È certo possibile che il potere d’acquisto delle retribuzioni degli italiani si sia ridotto nella misura allarmante denunciata recentemente sulle pagine del Corriere della Sera.

Non è però ammissibile che, in Italia, per conoscere l’andamento dei salari reali ci si debba basare su banche dati non rappresentative della popolazione di riferimento, raccolte a scopo di lucro senza criteri scientifici, e comunque inaccessibili a chi fa ricerca, precludendo così quelle verifiche di attendibilità e replicabilità che la comunità scientifica internazionale considera normalmente necessarie in questi casi.

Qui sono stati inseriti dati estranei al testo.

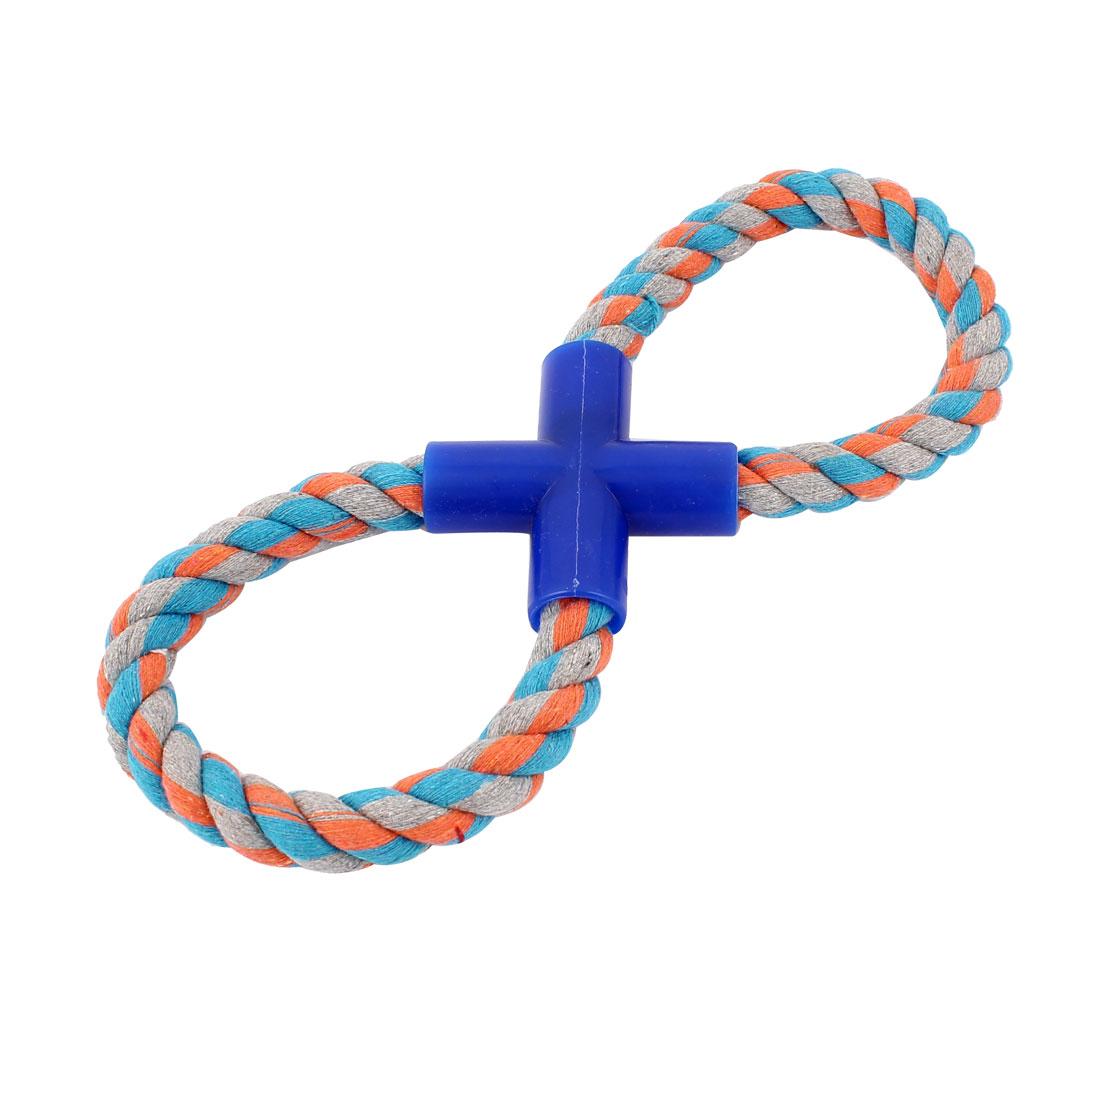 Blue Orange Gray Pet Dog Figure 8 Shape Rope Training Tug Chew Toy

Com’è costruito il Rapporto

Per quanto è possibile capire da www.corriere.it/rapporto, il quarto Rapporto sulle retribuzioni in Italia è basato su profili retributivi forniti da lavoratori italiani che si connettono con il sito <http://www.quantomipagano.com/main.htm >per controllare se la loro retribuzione è in linea con il mercato o per mettere in rete il proprio curriculum vitae.

È ragionevole ipotizzare che i lavoratori soddisfatti della loro retribuzione siano quelli meno interessati a questo servizio in rete. Oppure, che i lavoratori con maggiori responsabilità e impegni nel loro lavoro e quindi con salari maggiori, ma anche minor tempo per navigare in rete, non entrino nella banca dati. La banca dati potrebbe quindi sovra-rappresentare, rispetto alla popolazione italiana, le retribuzioni inferiori.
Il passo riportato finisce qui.